Awesome
Abstract Visual Reasoning: An Algebraic Approach for Solving Raven’s Progressive Matrices
This is the official PyTorch code for the following CVPR 2023 paper:
Title: Abstract Visual Reasoning: An Algebraic Approach for Solving Raven’s Progressive Matrices.
Abstract: We introduce algebraic machine reasoning, a new reasoning framework that is well-suited for abstract reasoning. Effectively, algebraic machine reasoning reduces the difficult process of novel problem-solving to routine algebraic computation. The fundamental algebraic objects of interest are the ideals of some suitably initialized polynomial ring. We shall explain how solving Raven's Progressive Matrices (RPMs) can be realized as computational problems in algebra, which combine various well-known algebraic subroutines that include: Computing the Gröbner basis of an ideal, checking for ideal containment, etc. Crucially, the additional algebraic structure satisfied by ideals allows for more operations on ideals beyond set-theoretic operations.
Our algebraic machine reasoning framework is not only able to select the correct answer from a given answer set, but also able to generate the correct answer with only the question matrix given. Experiments on the I-RAVEN dataset yield an overall 93.2% accuracy, which significantly outperforms the current state-of-the-art accuracy of 77.0% and exceeds human performance at 84.4% accuracy.

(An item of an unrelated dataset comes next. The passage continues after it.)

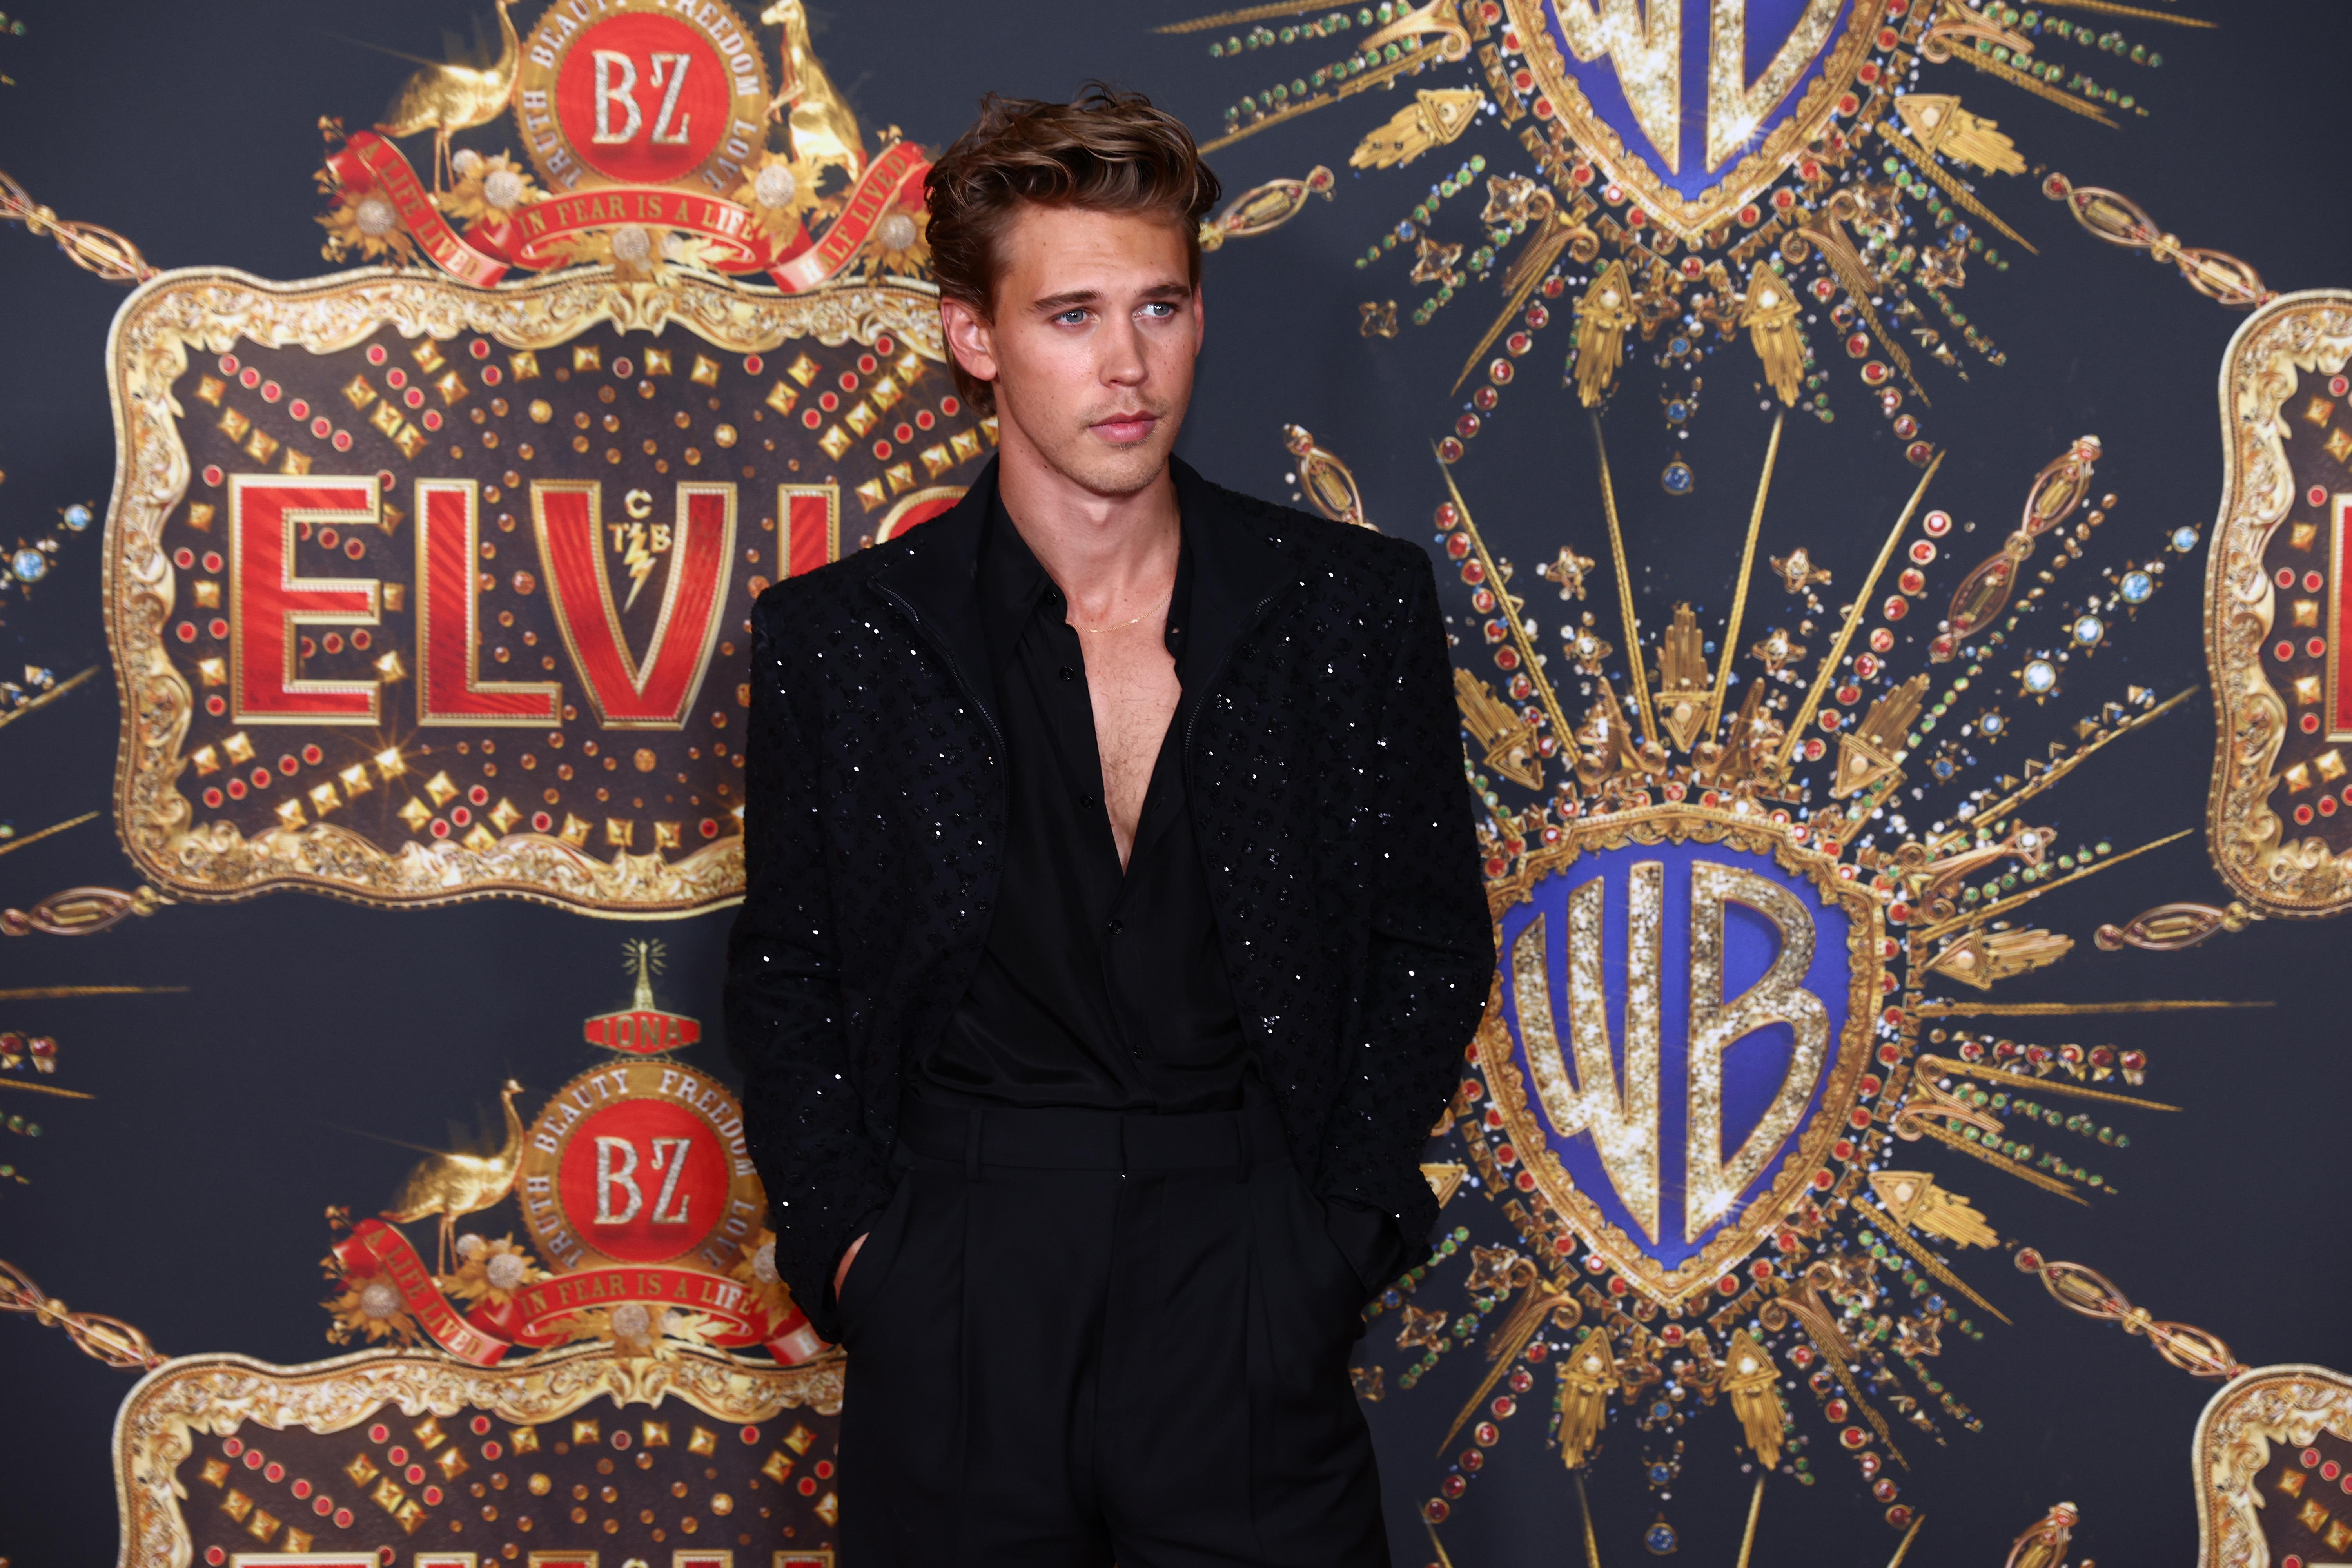 GOLD COAST, AUSTRALIA - JUNE 04: Austin Butler attends the Australian premiere of ELVIS at Event Cinemas Pacific Fair on June 04, 2022 in Gold Coast, Australia. (Photo by Chris Hyde/Getty Images)
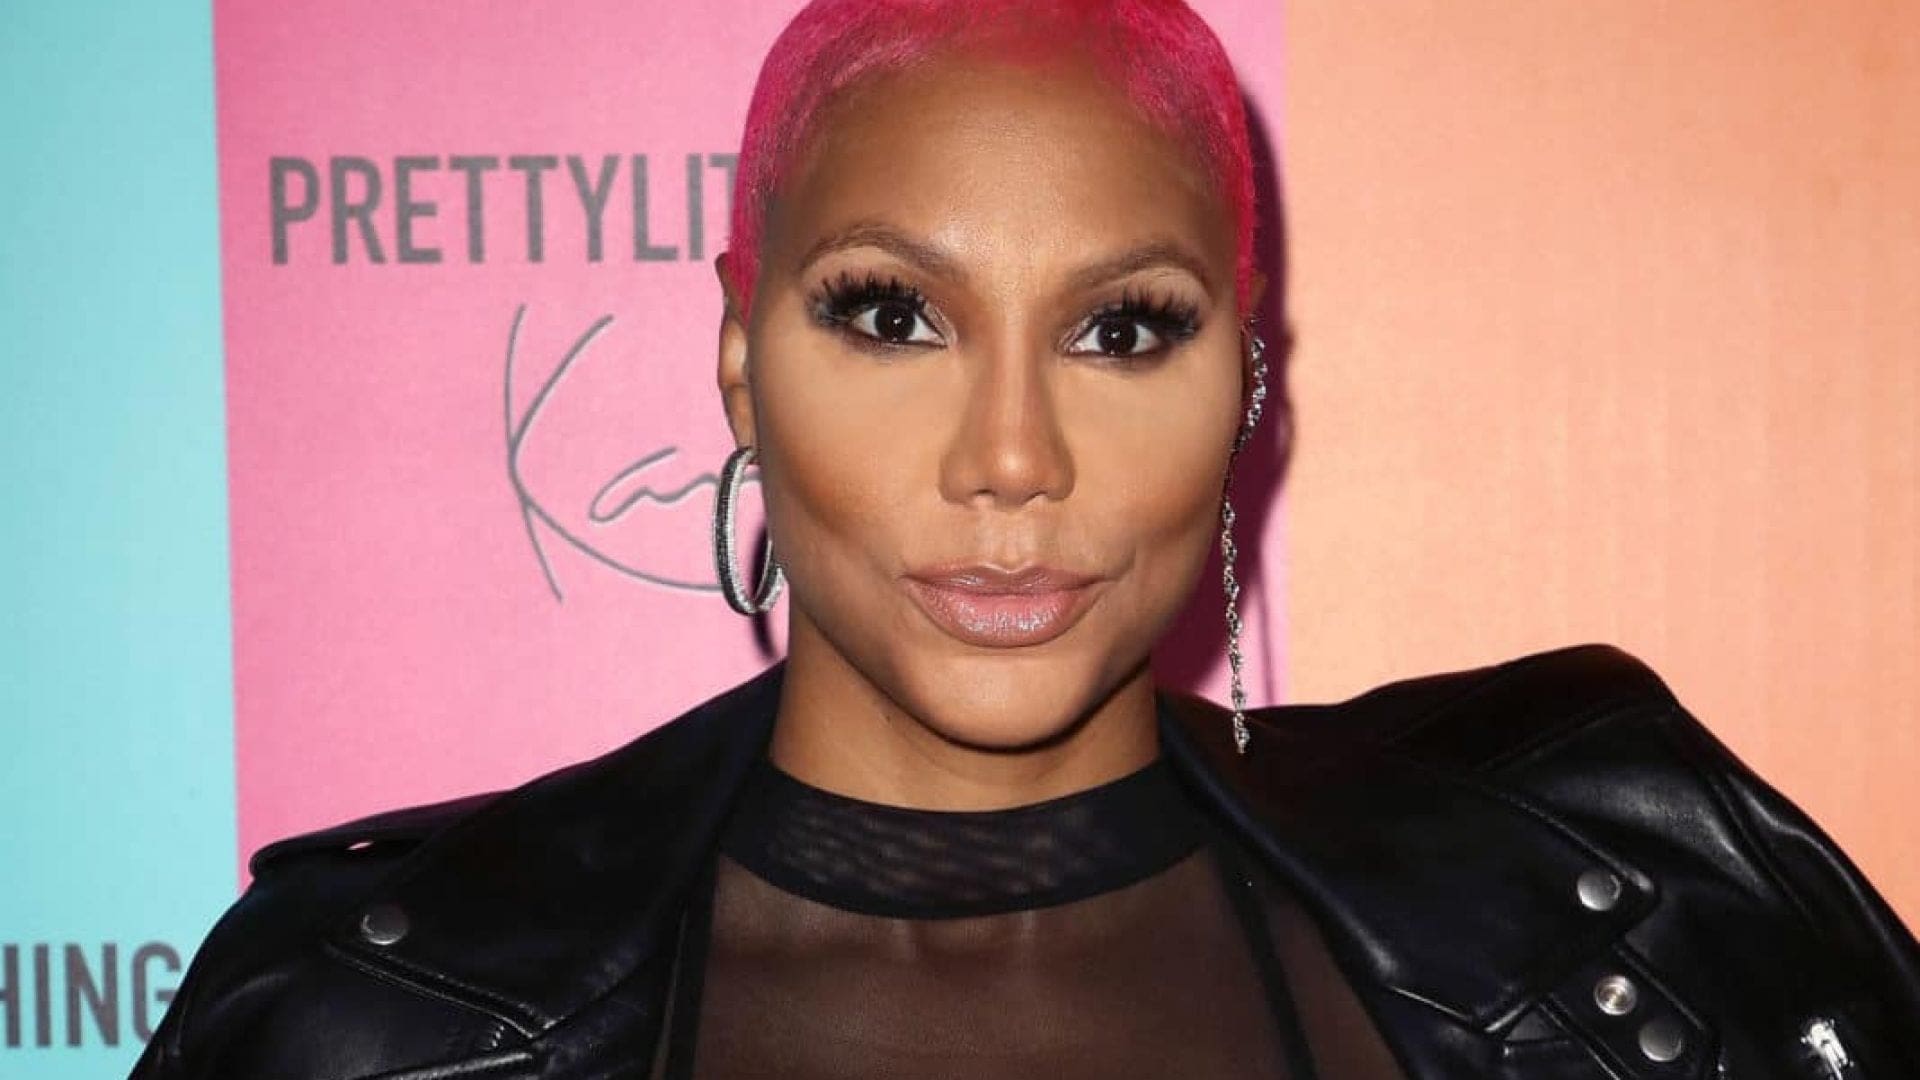 Tamar Braxton Shares A Video Featuring Her Mom, Evelyn Braxton Cooking

Link to video: https://www.youtube.com/watch?v=yRWJdxzN-3g
(This code is jointly contributed, in alphabetical order, by Saket Chandra, Zhangsheng Lai, Yufei Wu, and Jingyi Xu. For queries on technical aspects of algebraic machine reasoning, please contact the corresponding author, Kai Fong Ernest Chong.)
0. Illustration
1. Requirements
- Python 3.8
- PyTorch=1.9.1
- MMCV
- MMDetection
- Macaulay2
Macaulay2 is a software system designed for research in algebraic geometry and commutative algebra. In this paper, all the computations in the algebraic machine reasoning stage of our reasoning framework is done using Macaulay2. To install Macaulay2 on Ubuntu from official repositories:
sudo apt install macaulay2
Alternatively, the latest version of Macaulay2 can be installed in Ubuntu using PPA (Personal Package Archive).
sudo add-apt-repository ppa:macaulay2/macaulay2
sudo apt install macaulay2
2. Datasets
To demonstrate the effectiveness of our algebraic machine reasoning framework, we conduct experiments on the RAVEN/I-RAVEN datasets. These two datasets use the same generation process for the question matrices of RPM instances. I-RAVEN provides a modified answer generation process that overcomes a flaw in RAVEN's answer generation process: In RAVEN, the correct answer for an RPM instance could potentially be directly inferred via majority voting, even without the question matrix.
The RAVEN dataset can be downloaded from the official GitHub repository, and the I-RAVEN dataset is generated using the official code, with the same dataset size as RAVEN.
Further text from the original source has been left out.